▶ _WHAT TO PRODUCE_: In the listing below, the lines starting at the line with "PANTONE 2389 C - Colorxs Trinity Palette" and ending at the line with "Chewton Film Society Inc." are to be output verbatim. Images stay out of the copy.

▶ _DATA SHOWN_:
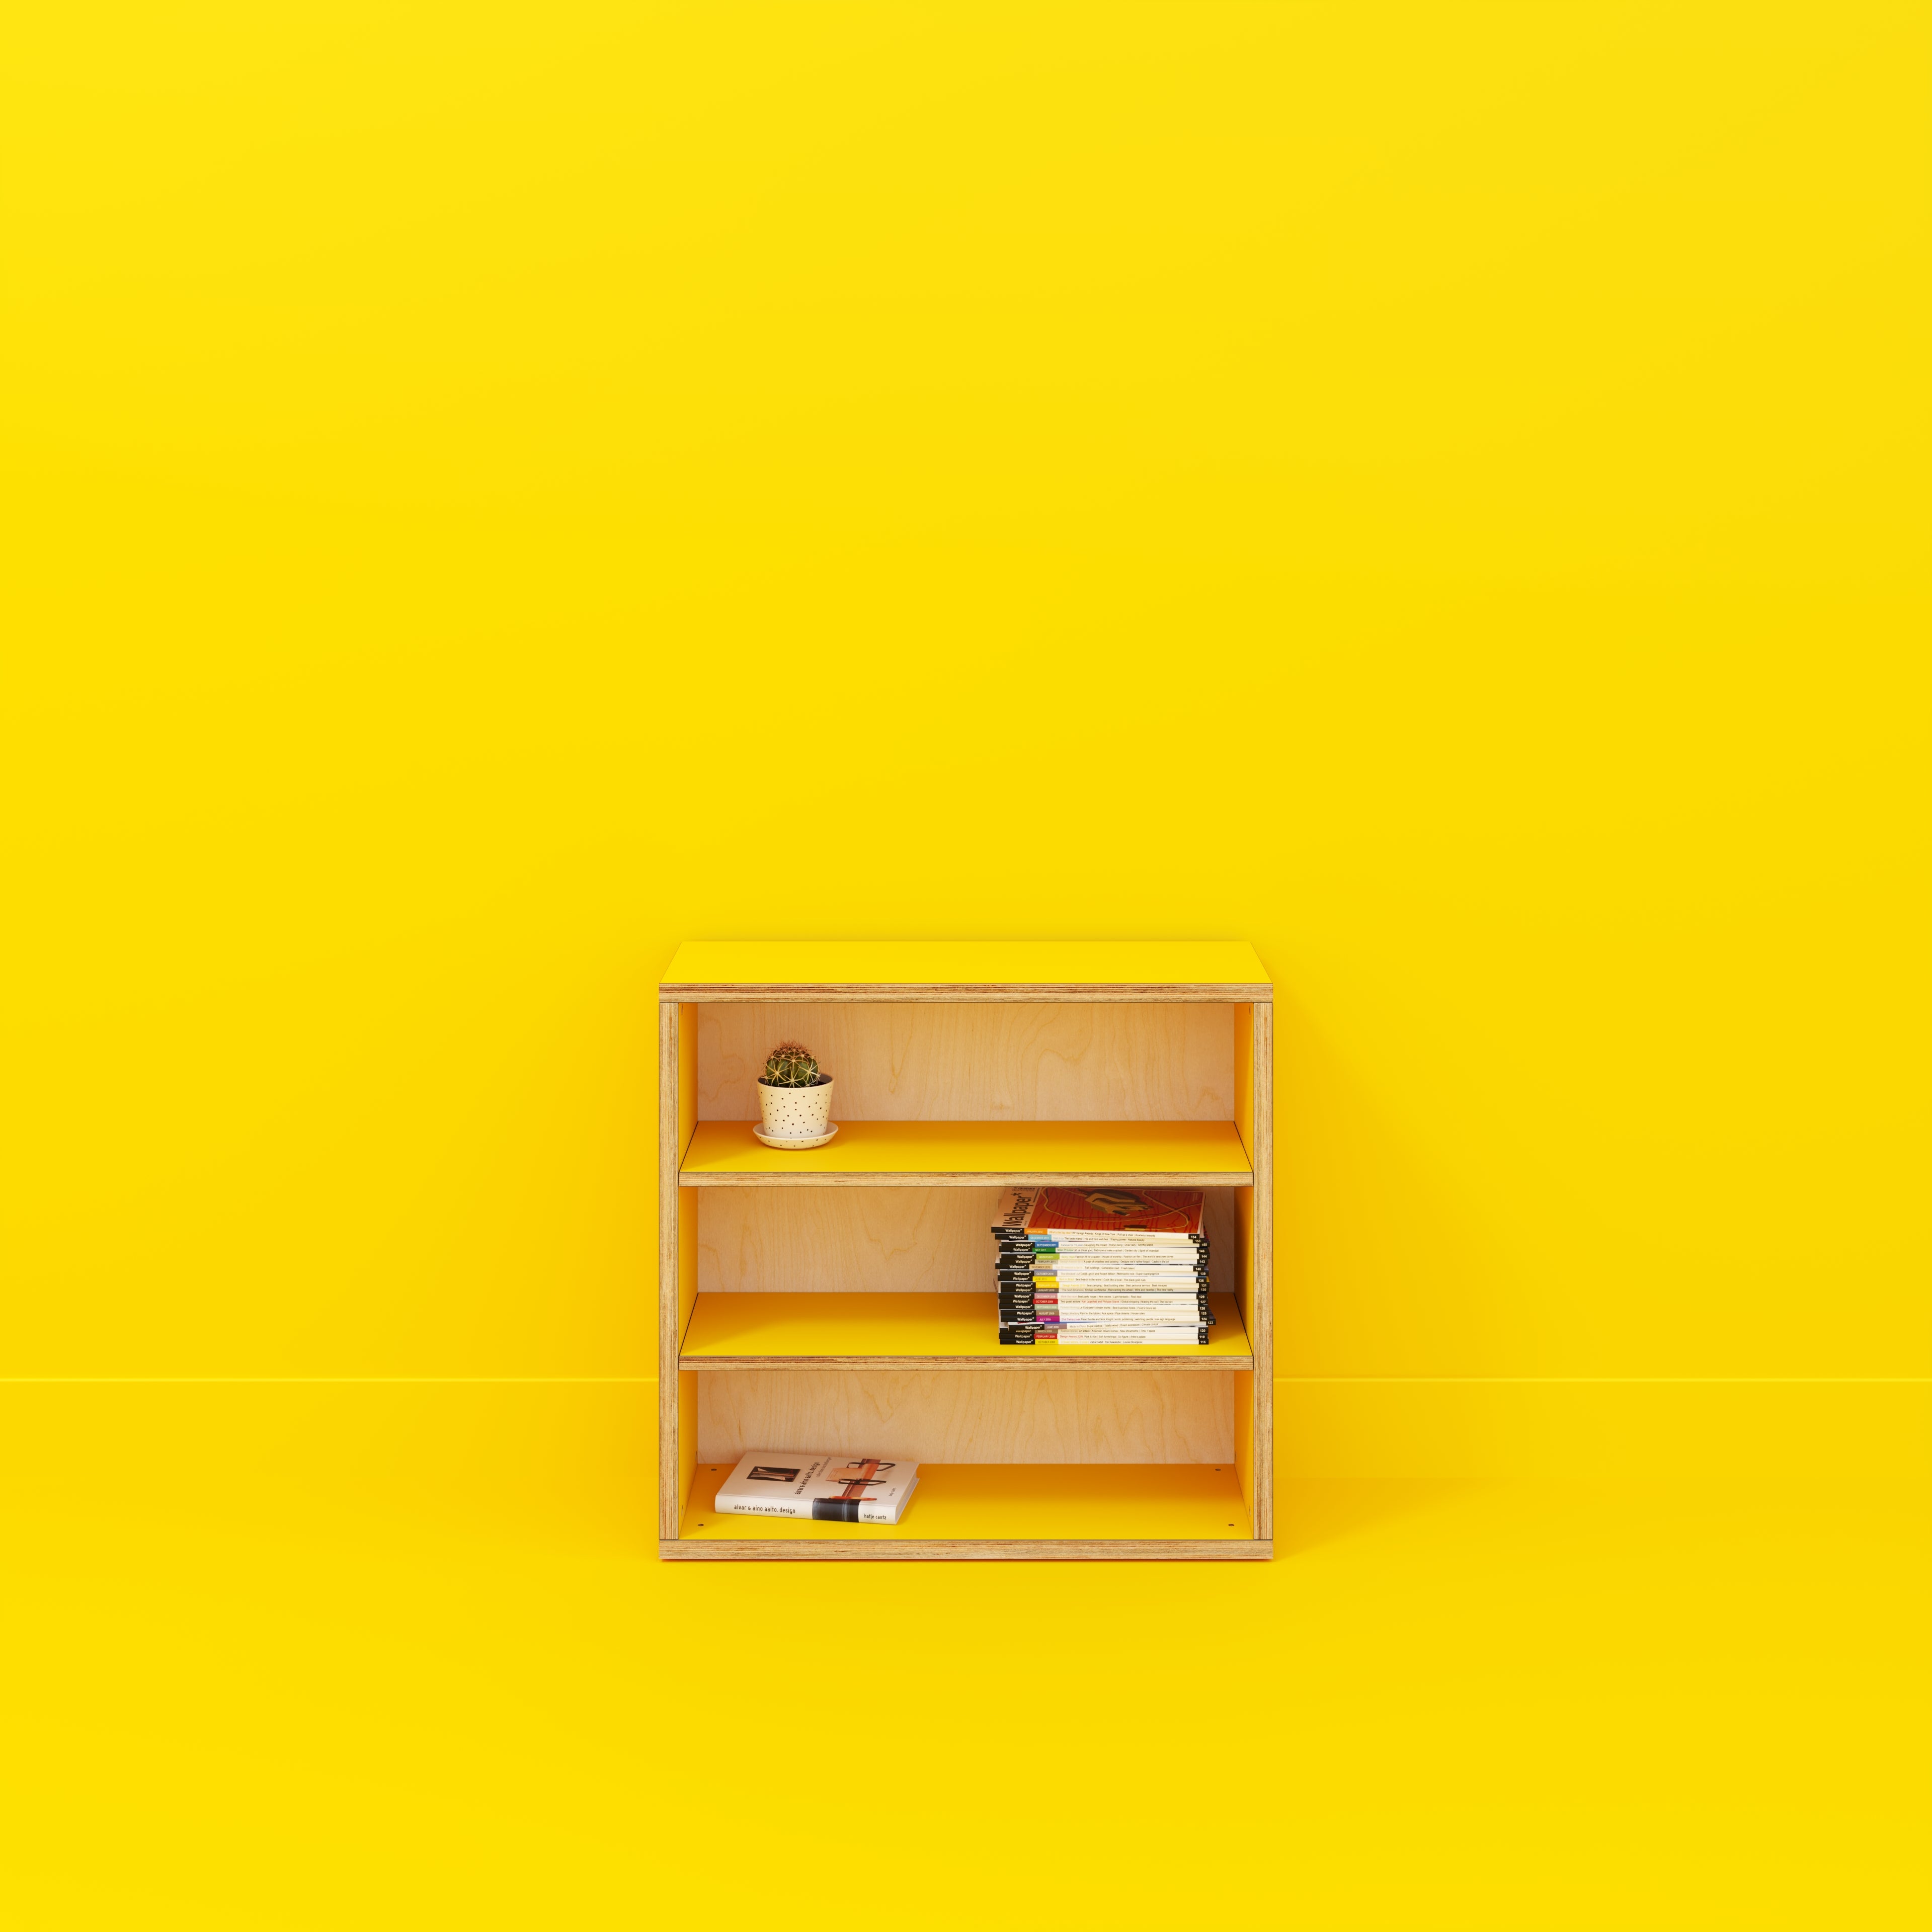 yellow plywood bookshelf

* * *

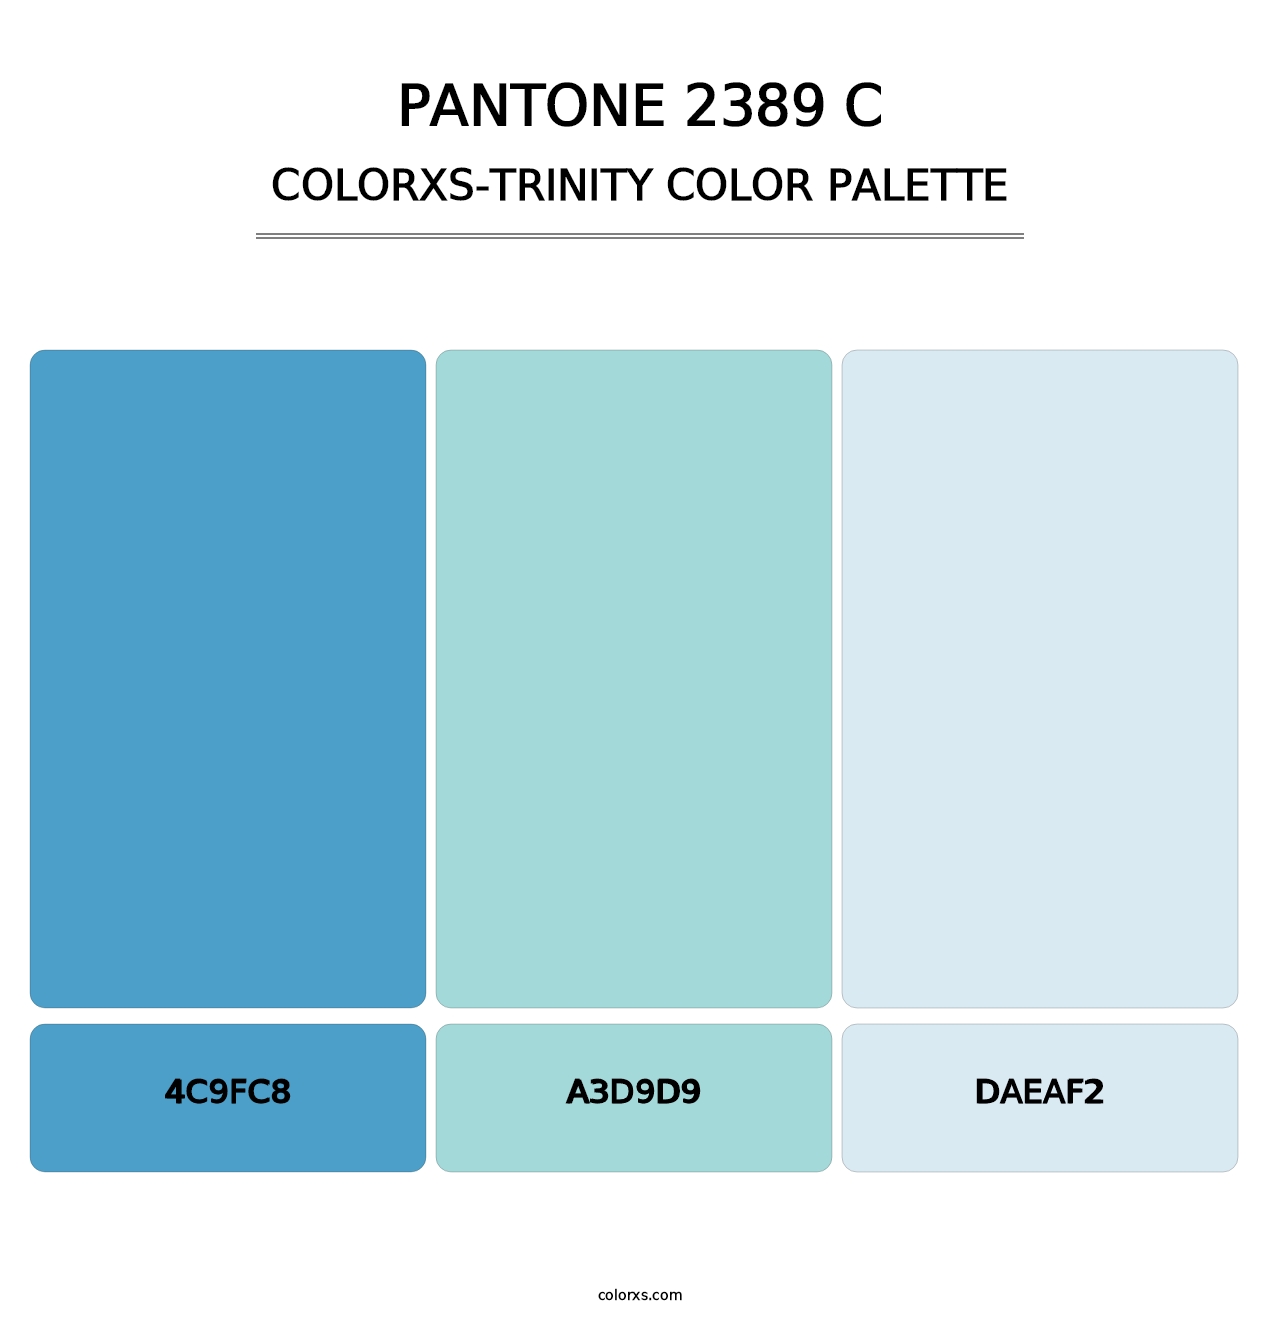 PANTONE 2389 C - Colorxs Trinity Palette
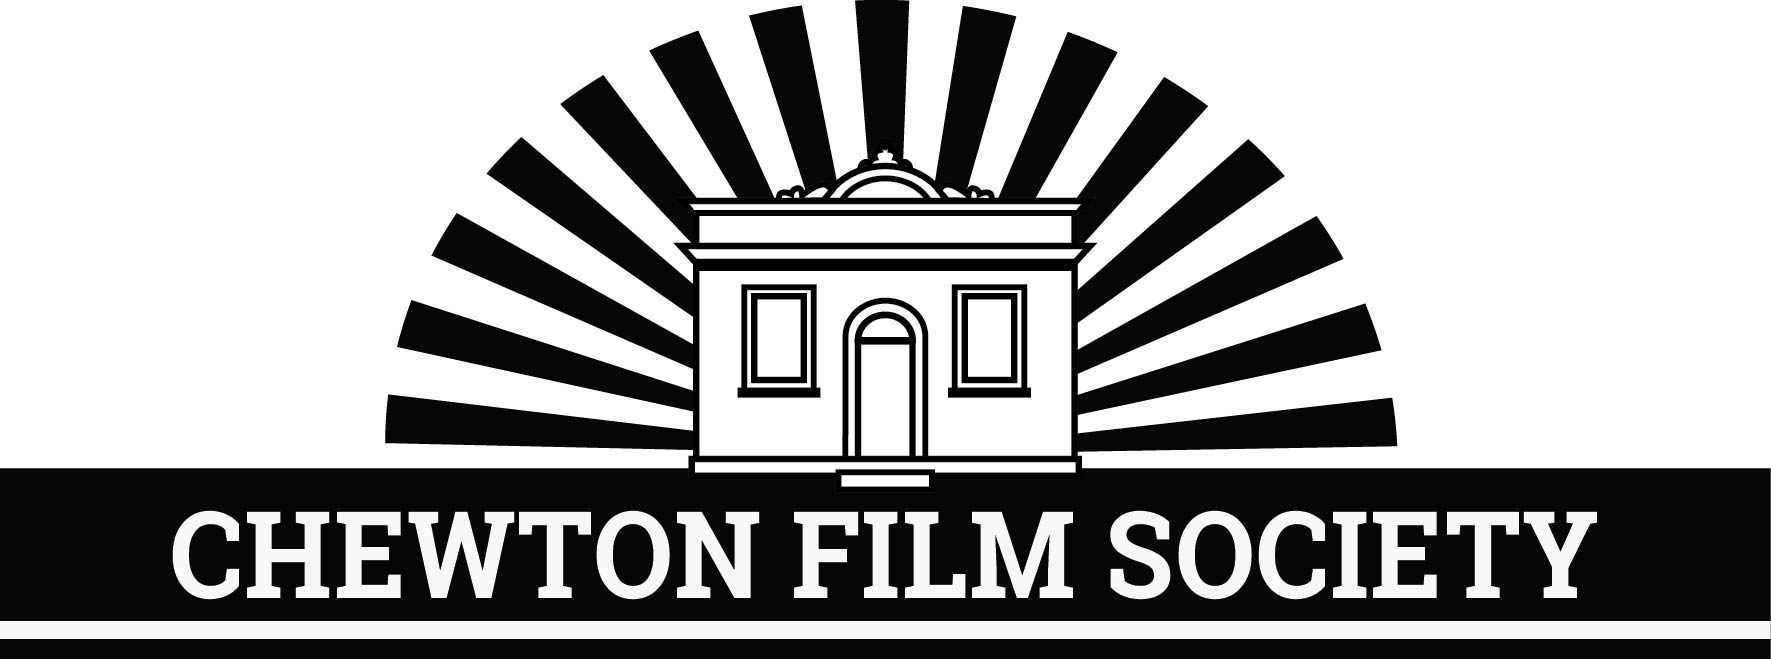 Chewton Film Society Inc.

▶ _ANSWER TO THIS TASK_:
 PANTONE 2389 C - Colorxs Trinity Palette
 Chewton Film Society Inc.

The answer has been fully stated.